-
Notifications
You must be signed in to change notification settings - Fork 19
Open
Description
Hi! Congratluations on the great package!
I have come across an unexpected behaviour of the PseudoR2 function: it returns a wrong value of McFadden's Pseudo-R2 for binomial GLMs that model successes out of failures. It appears to work fine with binomial GLMs that model binary responses. I provide a reprex with overdispersed binomial GLM, it shows the same warning as my own data which are not overdispersed:
In res["Tjur"] <- unname(diff(tapply(y.hat.resp, y, mean, na.rm = TRUE))) : number of items to replace is not a multiple of replacement length
Previous reported issues with PseudoR2 did not deal with binomial GLMs explicitly, as far as I can tell: #19
Thank you for your time!!
library(DescTools)
library(DHARMa)
#> Warning: package 'DHARMa' was built under R version 4.2.3
#> This is DHARMa 0.4.6. For overview type '?DHARMa'. For recent changes, type news(package = 'DHARMa')
library(faraway)
#> Warning: package 'faraway' was built under R version 4.2.2
library(performance)
#> Warning: package 'performance' was built under R version 4.2.3
# Binomial GLM: k success out of K trials
data(troutegg, package="faraway") # Survival of trout eggs
m1 <- glm(cbind(survive,total-survive) ~ location+period, family=binomial, troutegg)
summary(m1)
#>
#> Call:
#> glm(formula = cbind(survive, total - survive) ~ location + period,
#> family = binomial, data = troutegg)
#>
#> Deviance Residuals:
#> Min 1Q Median 3Q Max
#> -4.8305 -0.3650 -0.0303 0.6191 3.2434
#>
#> Coefficients:
#> Estimate Std.
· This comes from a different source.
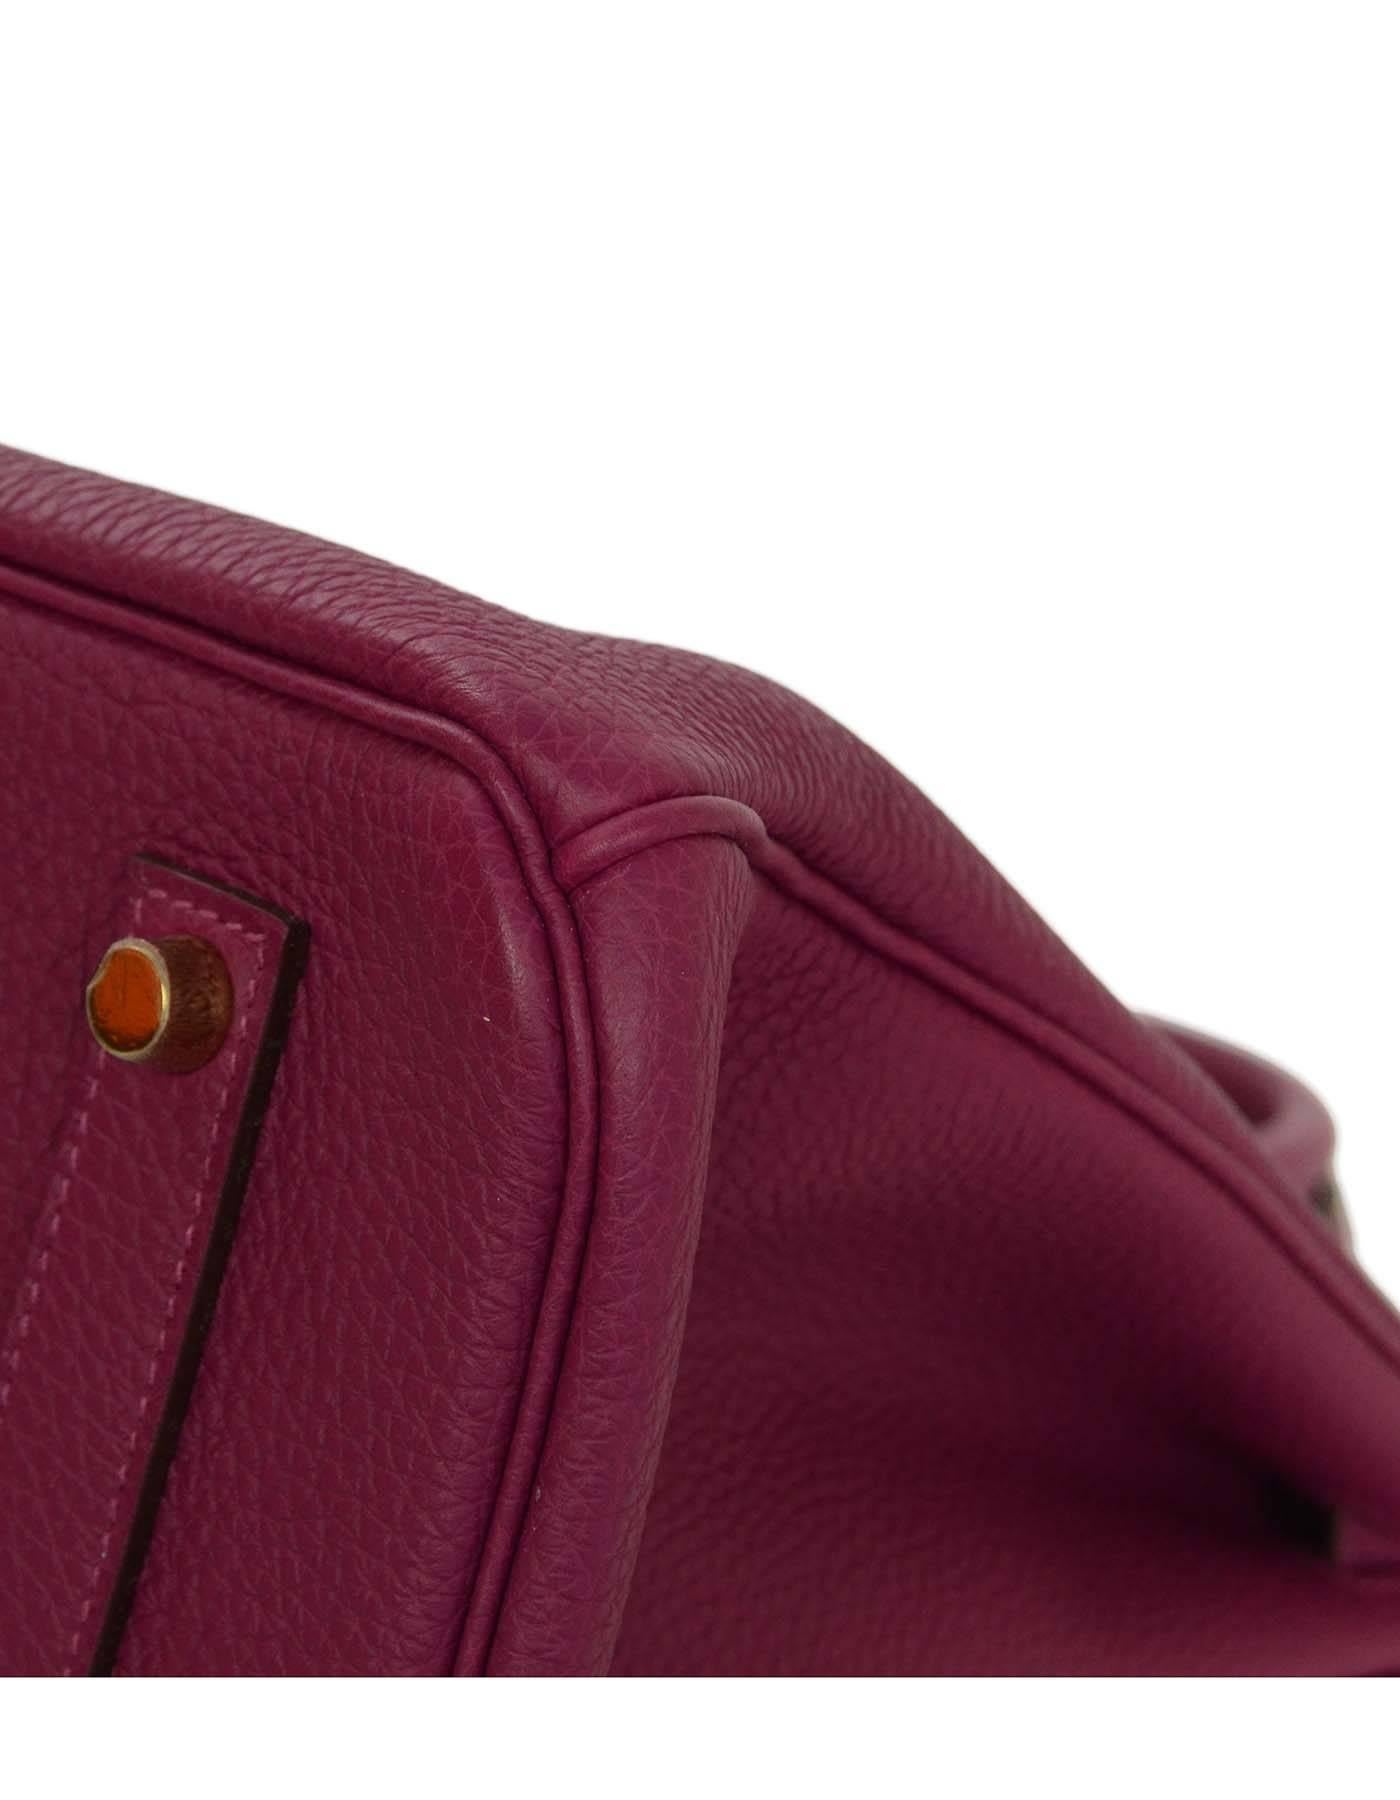 Brown Hermes LIKE NEW Violet Tosca Togo Leather 35cm Birkin Bag w/ Box

Error z value Pr(>|z|)
#> (Intercept) 4.6358 0.2813 16.479 < 2e-16 ***
#> location2 -0.4168 0.2461 -1.694 0.0903 .
#> location3 -1.2421 0.2194 -5.660 1.51e-08 ***
#> location4 -0.9509 0.2288 -4.157 3.23e-05 ***
#> location5 -4.6138 0.2502 -18.439 < 2e-16 ***
#> period7 -2.1702 0.2384 -9.103 < 2e-16 ***
#> period8 -2.3256 0.2429 -9.573 < 2e-16 ***
#> period11 -2.4500 0.2341 -10.466 < 2e-16 ***
#> ---
#> Signif. codes: 0 '***' 0.001 '**' 0.01 '*' 0.05 '.' 0.1 ' ' 1
#>
#> (Dispersion parameter for binomial family taken to be 1)
#>
#> Null deviance: 1021.469 on 19 degrees of freedom
#> Residual deviance: 64.495 on 12 degrees of freedom
#> AIC: 157.03
#>
#> Number of Fisher Scoring iterations: 5
# Overdispersed binomial (depending on who you ask)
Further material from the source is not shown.